Create and maintain documentation for data workflows and processes.
Develop and maintain dashboards and reports using Tableau and other data visualization tools.
Conduct exploratory data analysis and generate insights to support business decisions.
Assist in the implementation of data quality and governance standards.
Training:
Initial General Employer Orientation (Mandatory):
Familiarization with company culture, policies, tools (JIRA, Tableau, GCP, data warehousing solutions).
Duration: 1 day
Weekly Scheduled One-on-One Mentor Meetings:
Personalized guidance, feedback, and goal setting, focusing on ETL processes, data modeling, and pipeline optimization.
Duration: 3 hours per week
Job Shadowing:
Practical exposure to designing and implementing ETL pipelines, data extraction, transformation, and storage optimization.
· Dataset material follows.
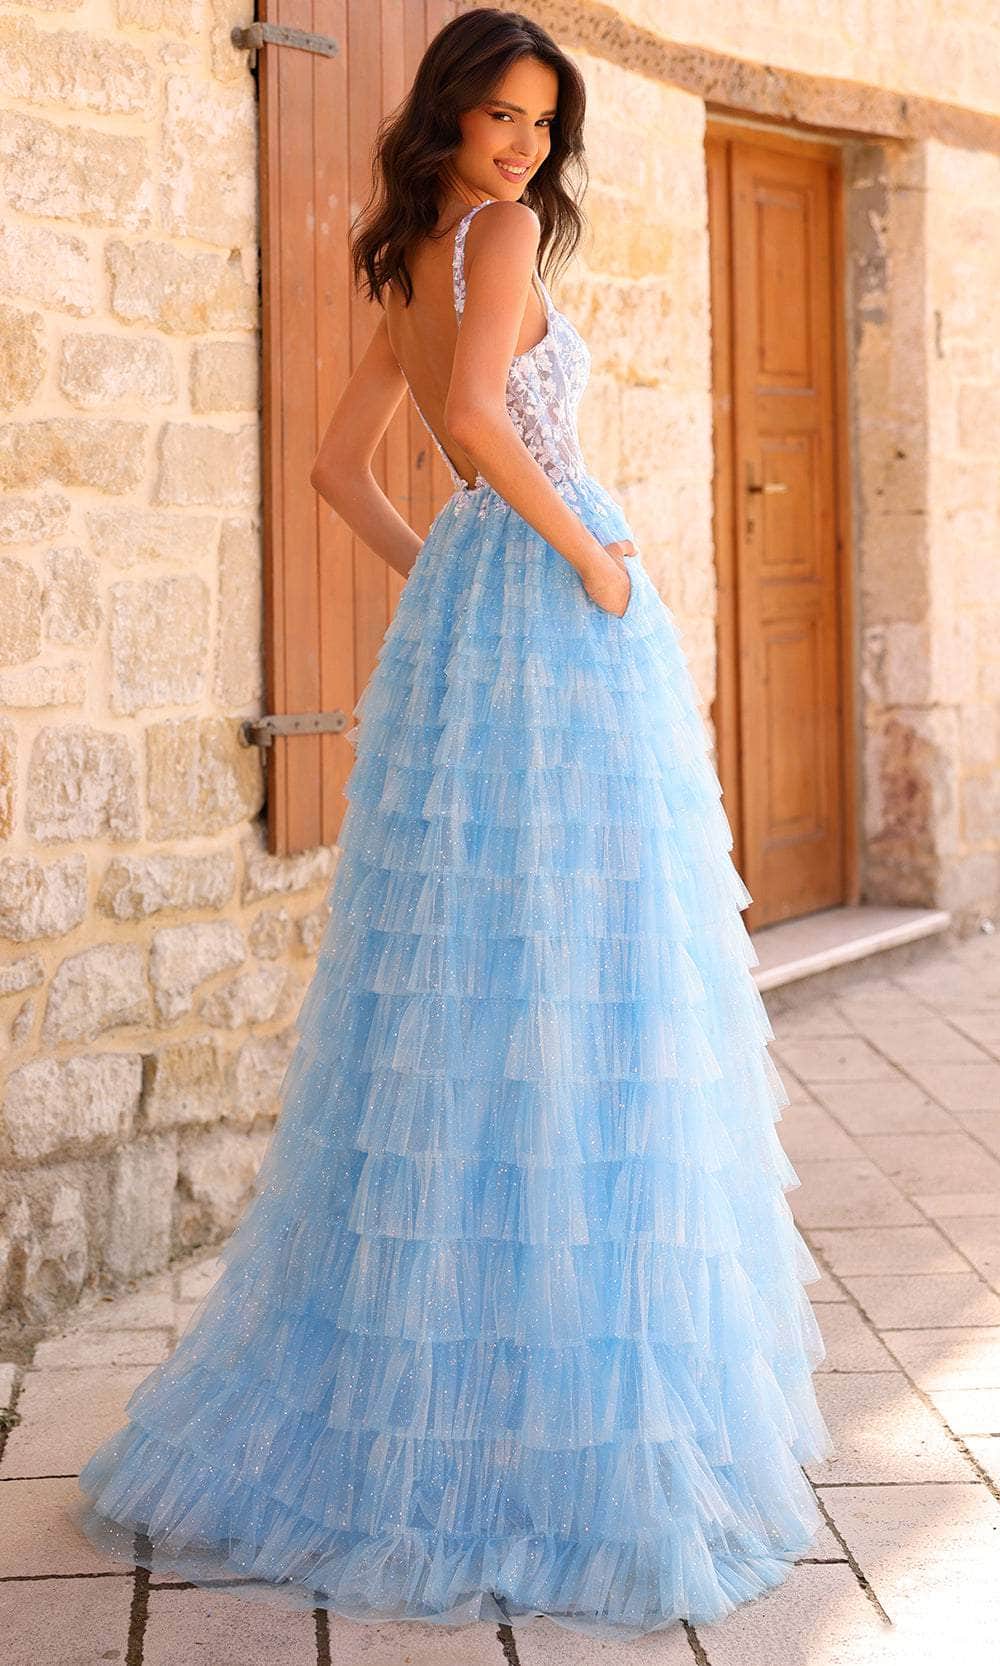 Amarra 88833 - Embroidered Prom Dress

Duration: 2 weeks (daily 2 hours)
Workshops/Skills Training:
Enhancing technical skills in R, SQL, Tableau, ETL design, and cloud platforms (GCP).
Duration: 4 weeks (weekly 2-hour sessions)
Provision of Work Samples:
Access to previous projects and tasks for reference, including Tableau dashboards, and Python scripts.
Duration: Ongoing (as needed)
Overview/Contextualization of Assigned Tasks:
Detailed briefing on tasks, including objectives, expected outcomes, and relevance to data engineering projects.
Duration: Before the start of each new task
Training Literature Reviews and Testing:
Reading and assessments on best practices, data analysis and transforming solutions.
Learning Outcomes:
Proficiency in Data Pipeline Development:
Successfully design, develop, and maintain efficient ETL (Extract, Transform, Load) data pipelines that handle large volumes of structured and unstructured data.
Demonstrate the ability to integrate data from multiple sources such as APIs, relational databases, and flat files into a cohesive and accessible format.
Enhanced Data Analysis and Visualization Skills:
Gain hands-on experience in data cleaning, transformation, and aggregation using R, SQL, and other data manipulation tools, leading to the preparation of high-quality datasets.
Develop and maintain interactive dashboards and reports using Tableau and other BI (Business Intelligence) tools, providing valuable insights for data-driven decision-making.
Agile Project Management Experience:
Actively participate in Agile Scrum processes, including sprint planning, daily stand-ups, sprint reviews, and retrospectives.
Utilize JIRA for effective task management, tracking project progress, and generating sprint reports, ensuring timely completion of deliverables.
Improved Collaboration and Communication Skills:
Collaborate effectively with cross-functional teams, including data scientists, data engineers, software developers, and business stakeholders, to gather and process data requirements.
Enhance communication skills by creating comprehensive documentation for data workflows, ETL processes, and data governance protocols.
Knowledge of Data Quality and Governance:
Assist in the implementation of data quality and governance standards, ensuring the accuracy, consistency, and reliability of data through data profiling, validation, and monitoring.
Develop a strong understanding of data warehousing concepts such as OLAP (Online Analytical Processing), OLTP (Online Transaction Processing), and data lakes.
Technical Skill Advancement:
Strengthen proficiency in R for data manipulation, statistical analysis, and visualization, along with a foundational understanding of SQL for database querying and management.
Gain exposure to cloud platforms such as AWS (Amazon Web Services) or Google Cloud Platform (GCP) and additional programming languages like Python for data engineering tasks, broadening technical expertise.